**PROVIDED DATA**
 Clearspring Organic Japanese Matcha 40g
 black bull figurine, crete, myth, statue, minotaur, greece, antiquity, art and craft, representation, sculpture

...

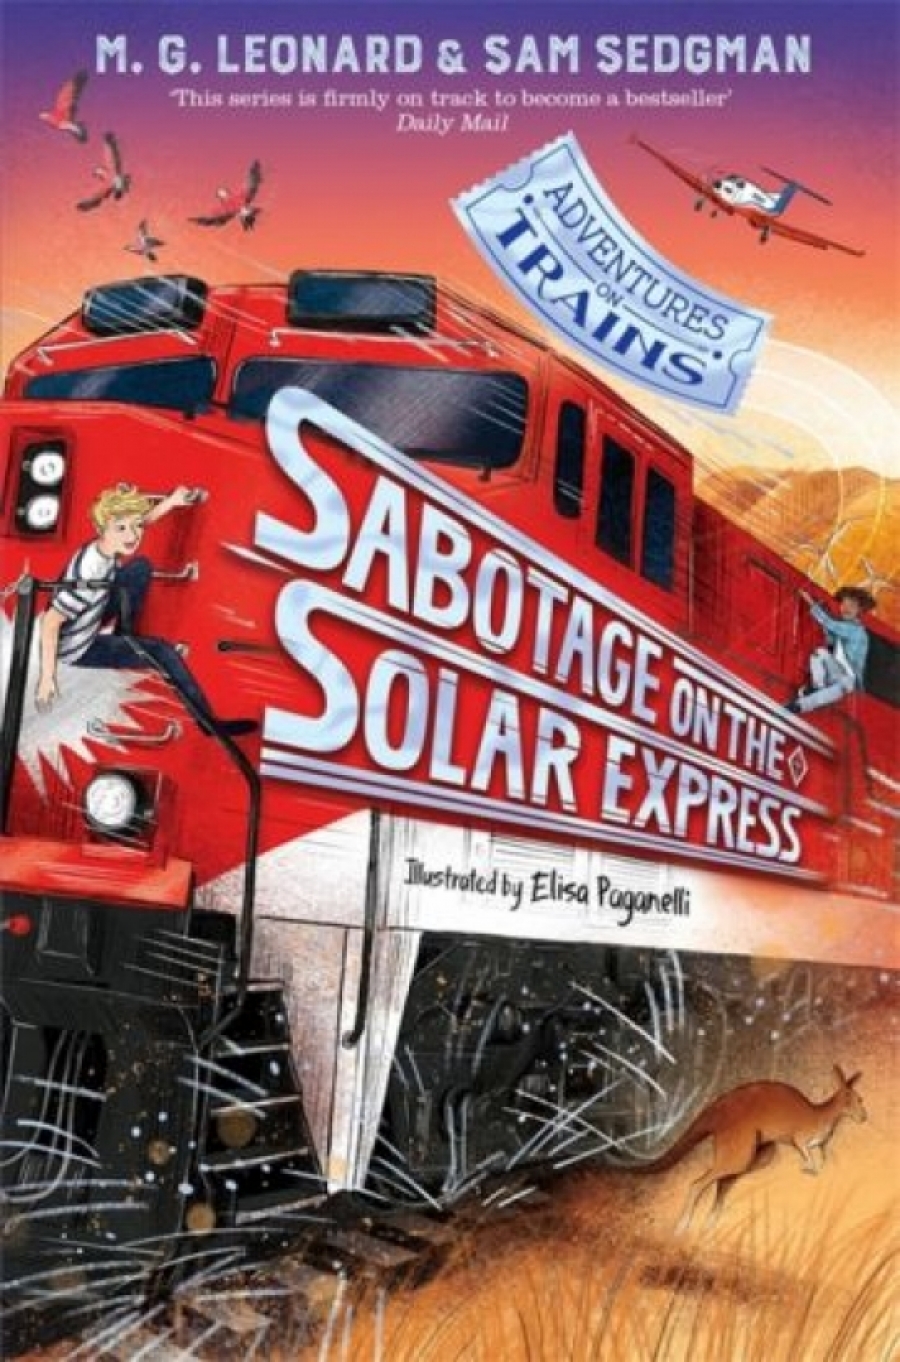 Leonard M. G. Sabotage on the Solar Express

**EXERCISE PROMPT**
When you reach the line holding "Clearspring Organic Japanese Matcha 40g" in the records above, begin reproducing exactly, stop after the line holding "craft, representation, sculpture", and output nothing else.

**SOLUTION TO THIS TASK**
 Clearspring Organic Japanese Matcha 40g
 black bull figurine, crete, myth, statue, minotaur, greece, antiquity, art and craft, representation, sculpture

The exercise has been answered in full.